If one erred, then one died, and God looked to the healthy hare instead. And if one knew the secret laws of the forest but glanced away when gathering the mushrooms, forgot to pay heavenly attention, or if one drank strong drink before gathering them, or simply looked up and enjoyed the sky that God offered (and knew that one was gazing gratefully upon), and then pulled those deadly caps without checking their stalks and domes—

Or, Thatcher allowed himself to think further (or Satan caused him to think), what if one simply pretended not to know the difference, never to have learned it, and took the flesh of the blushing dome into his mouth and let fall away from this life all that he clung to with such effort and exhaustion? Thatcher might then avoid that cannon God had aimed against self-slaughter, as the man onstage had warned, and let go these memories and costumes, these lies and lost worlds, the child growing up without him, the wife, caressed and pressed by other hands, who’d long since forgotten him as he had fought to force her burning image from his own memory. He could simply eat the venomed mushrooms until sleep overtook him forever, and the smell of lemons would be the last scent he knew.

What god would care? The god of squirrels and rabbits? The god who secreted his venom here but not there? Why can I not eat as if I were a hare too old to care any longer, or a boy who had never bothered to ask the necessary questions, and then I could let drop, like so many heavy bags, all the years lost, all the pork and wine consumed under all those suspicious eyes all those years, the brutally heavy years dragging behind me, until I am there again, in the garden atop the hill, the scent of fig blossoms and lemon and the swaying blue below as bright and transparent as all the domed blue above, all of which persists, despite my efforts.

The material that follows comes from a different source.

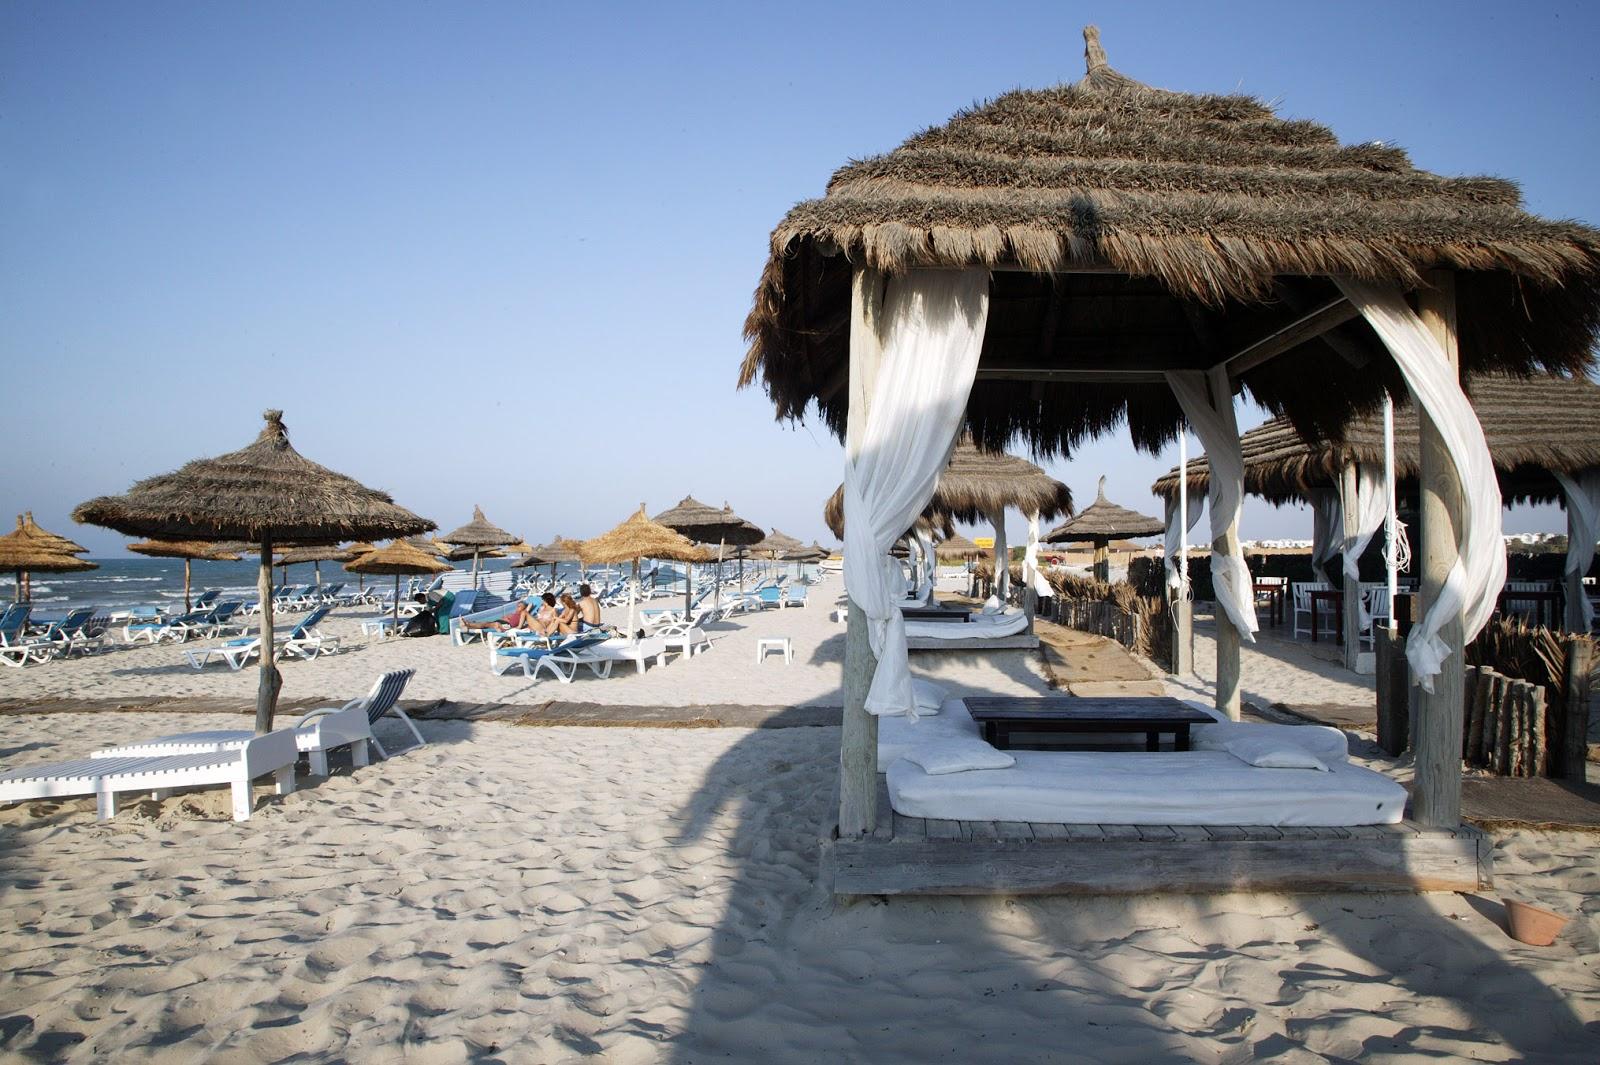 осенний тунис отдых остров джерба фото делать

I have not used God’s proper name. God’s name could not matter, not truly. Why would He care what I call Him? Does He not know my real heart always, whatever my lips say? The Jews will not say any name, will not write it, but they do not forget it. And if they did? Still they fear and love and worship Him, even if none could recall the word they’ve been taught never to utter. When they washed me Christian, they asked me to forget the true name of God. And so I have never said it since, not in front of others, and have not for many years even heard it in my head. I cannot recall the last time I heard His name within my quiet mind. But did I forget it?

Atop the hill, above the sea, there is a house with a tree with fruit. The boy, whose name I will not think or say, loves that fruit. The fruit has a name, but I will not— She, the boy’s mother, who gave the boy to me, the mother of the boy whose name I will not think, she said it was a good place for a tree like that, with the round fruit that should not be thought of, since it was gone and therefore should be forgotten.

The boy, the boy’s mother, the roots and leaves, the round fruit. I knew their names but would not say them and cause myself pain, because I am a coward. He knows my real heart, and He deems me damnable.

Those mushrooms, each with a name, each with their God-given taste and purpose, and some might end all this.